[Collection entries]

"""

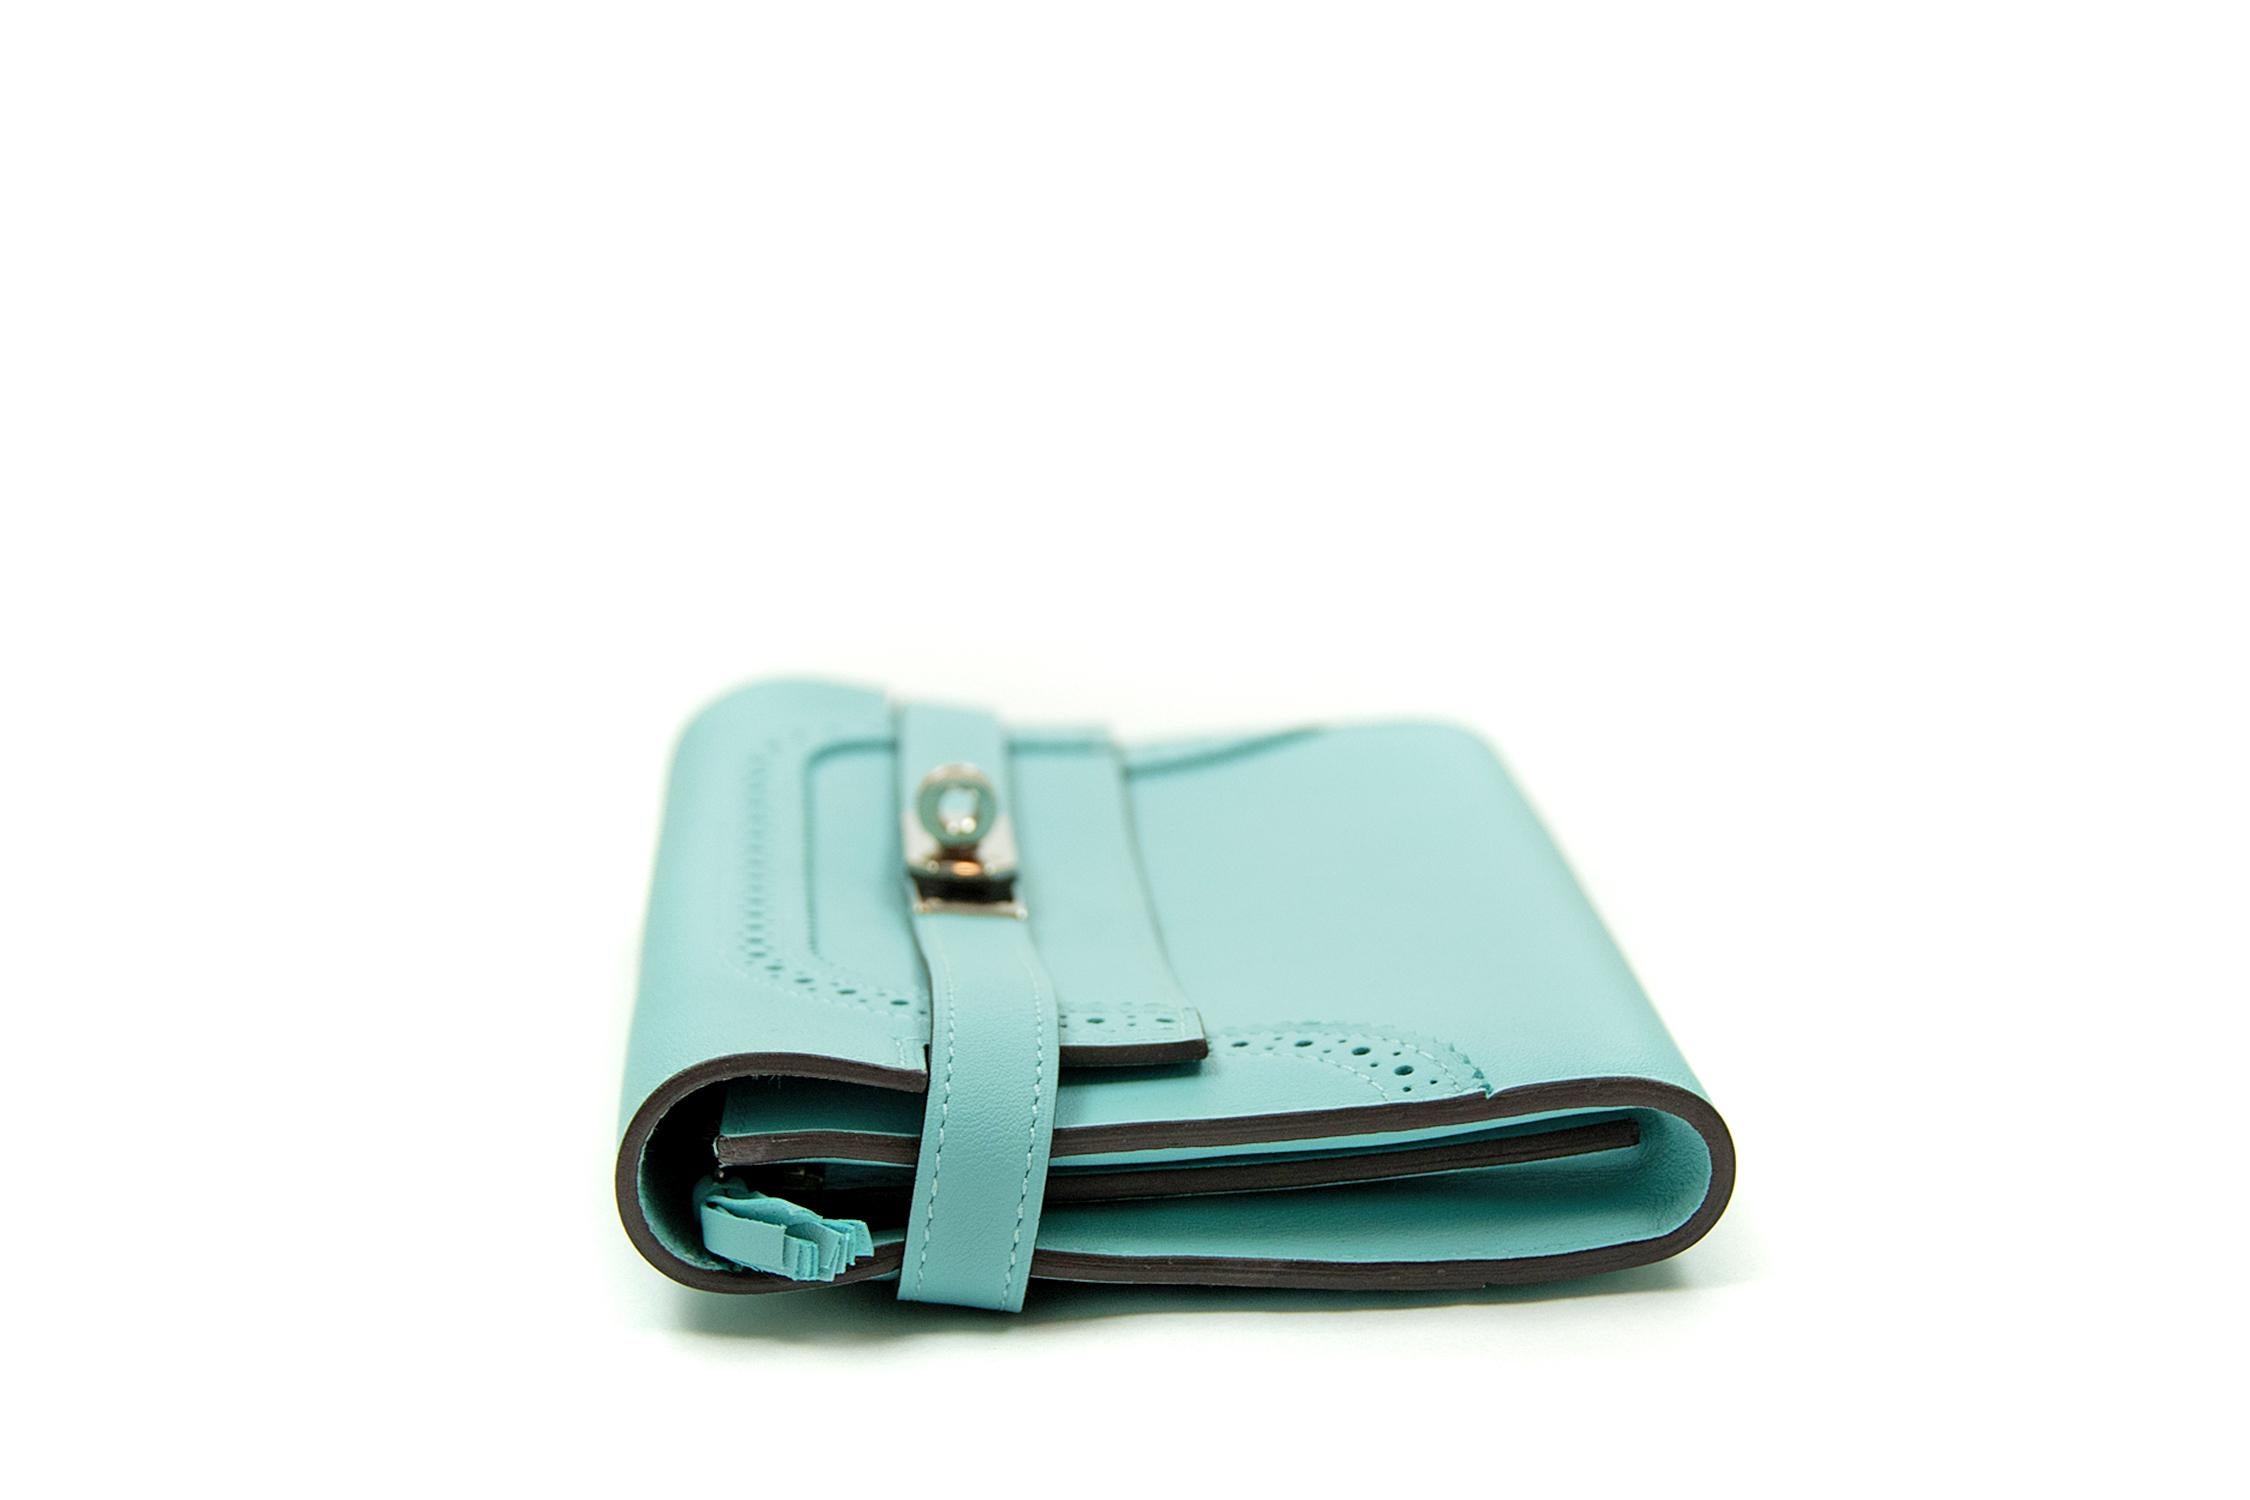 Hermes Kelly Ghillies Wallet in Veau Swift Blue Atoll. This iconic special order Hermes wallet is timeless and chic. Fresh and crisp with palladium hardware. 

    Condition: New or Never Used
    Made in France
    Comes with Signature Hermes Box
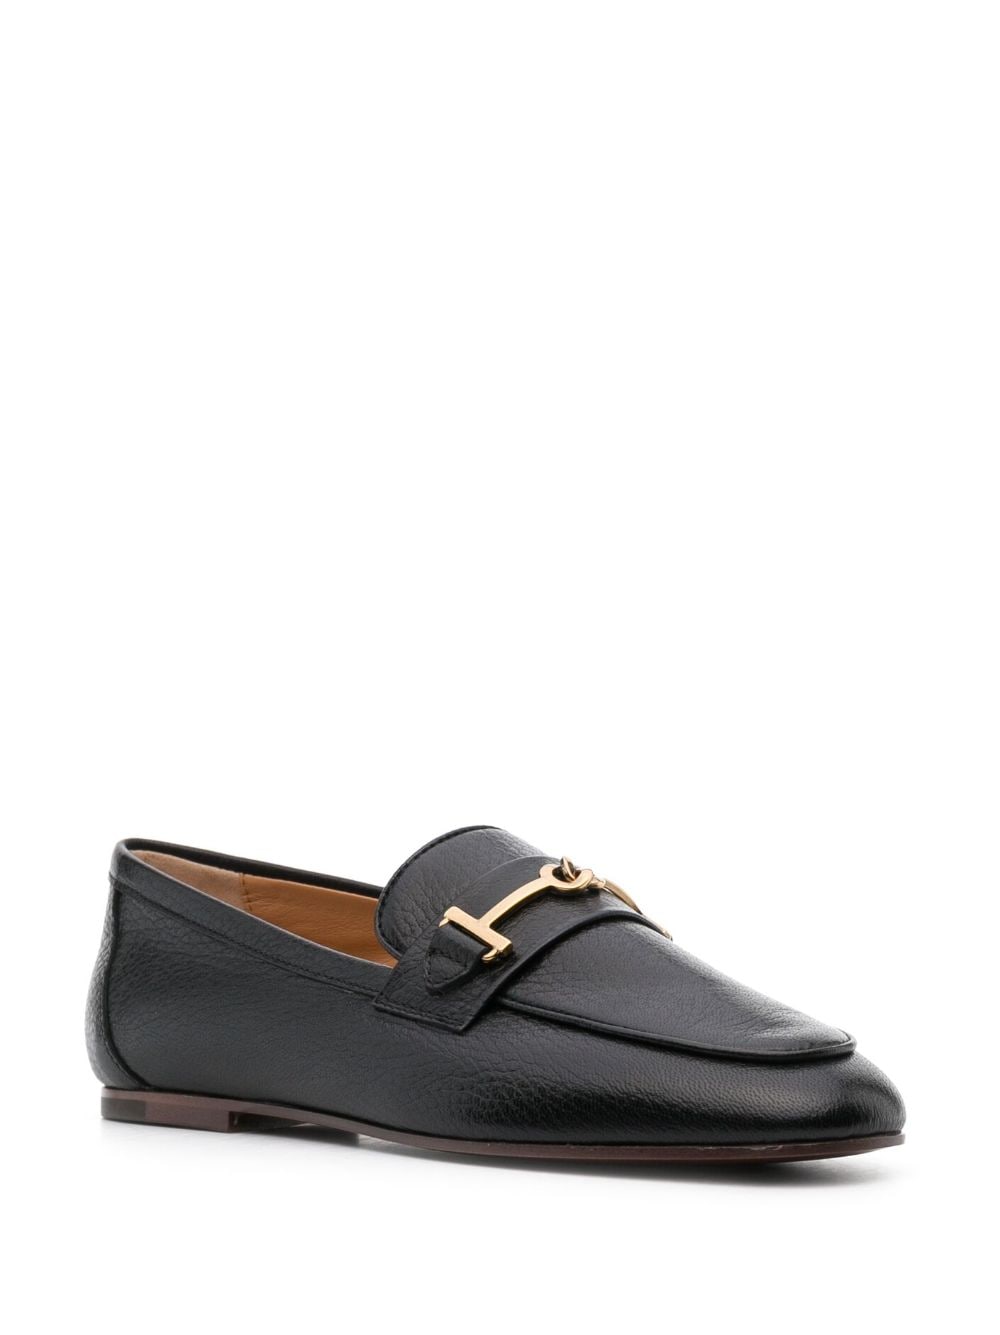 TOD'S T-RING LEATHER LOAFERS
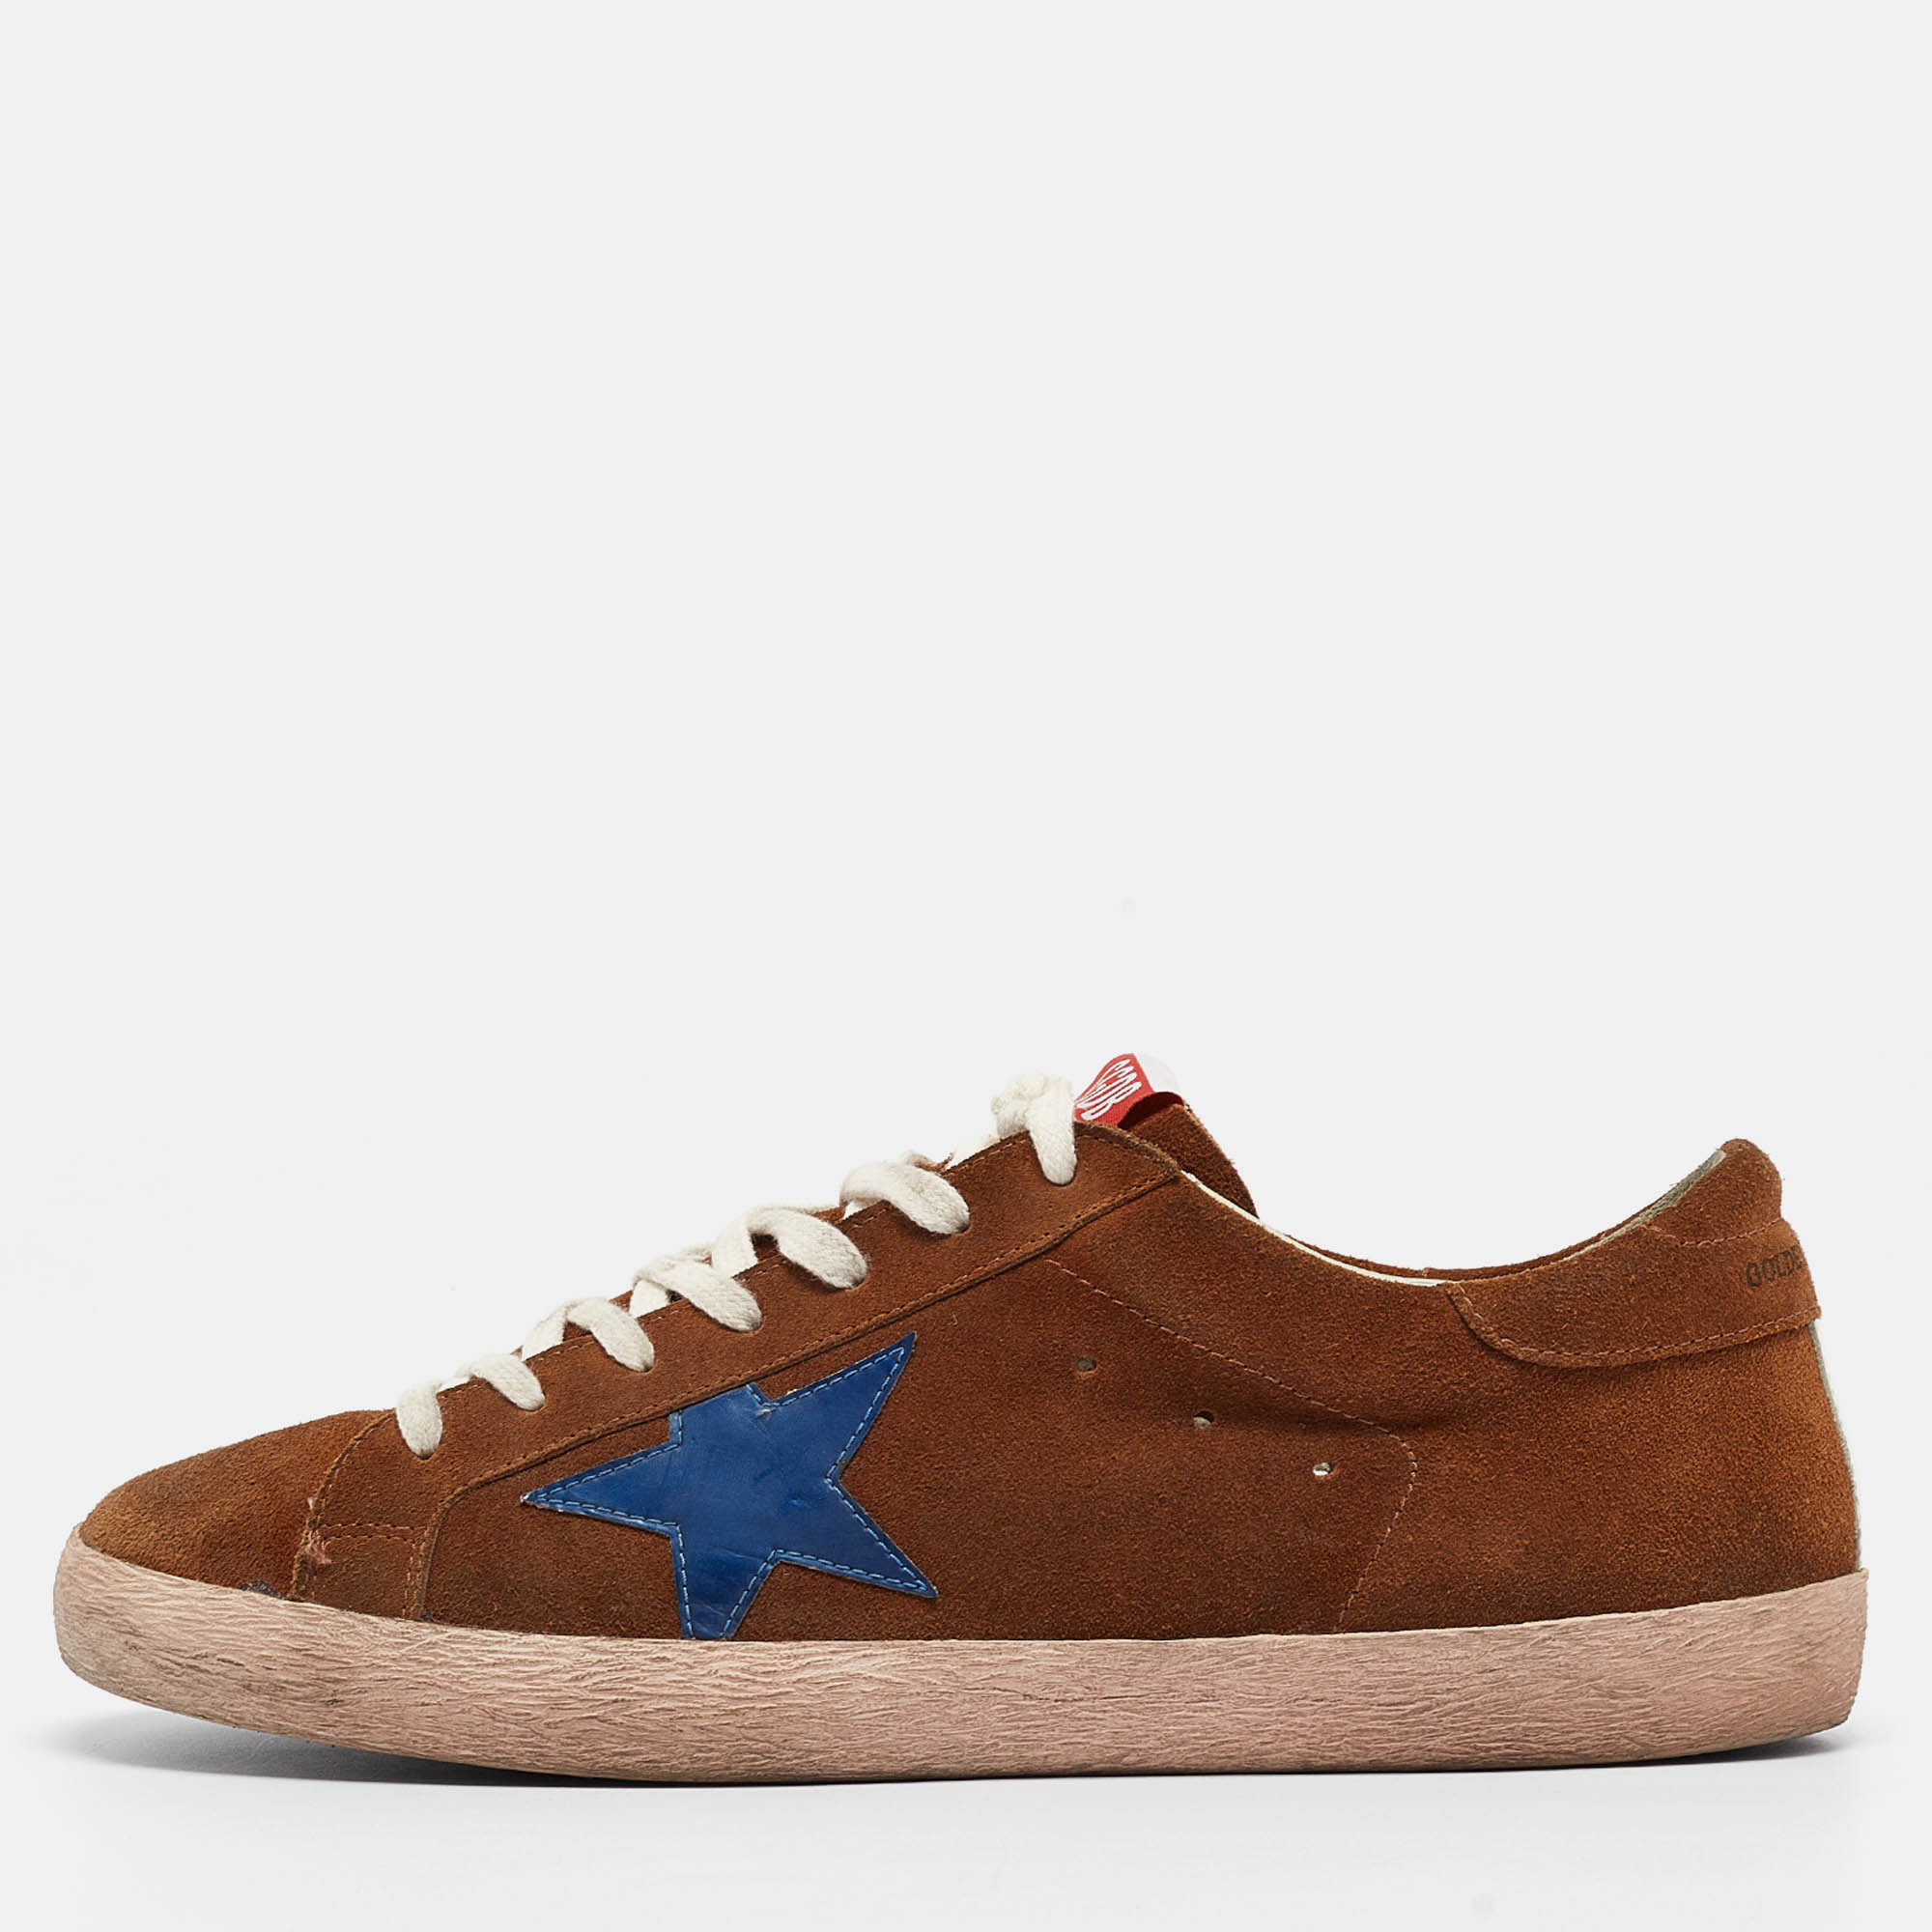 

Golden Goose Brown/Blue Suede and Leather Superstar Sneakers Size

"""

* [Goal of the exercise]:
Restate the data above verbatim, skipping every image.

* [Reply to the task]:
 Hermes Kelly Ghillies Wallet in Veau Swift Blue Atoll. This iconic special order Hermes wallet is timeless and chic. Fresh and crisp with palladium hardware. 

    Condition: New or Never Used
    Made in France
    Comes with Signature Hermes Box
 TOD'S T-RING LEATHER LOAFERS

Golden Goose Brown/Blue Suede and Leather Superstar Sneakers Size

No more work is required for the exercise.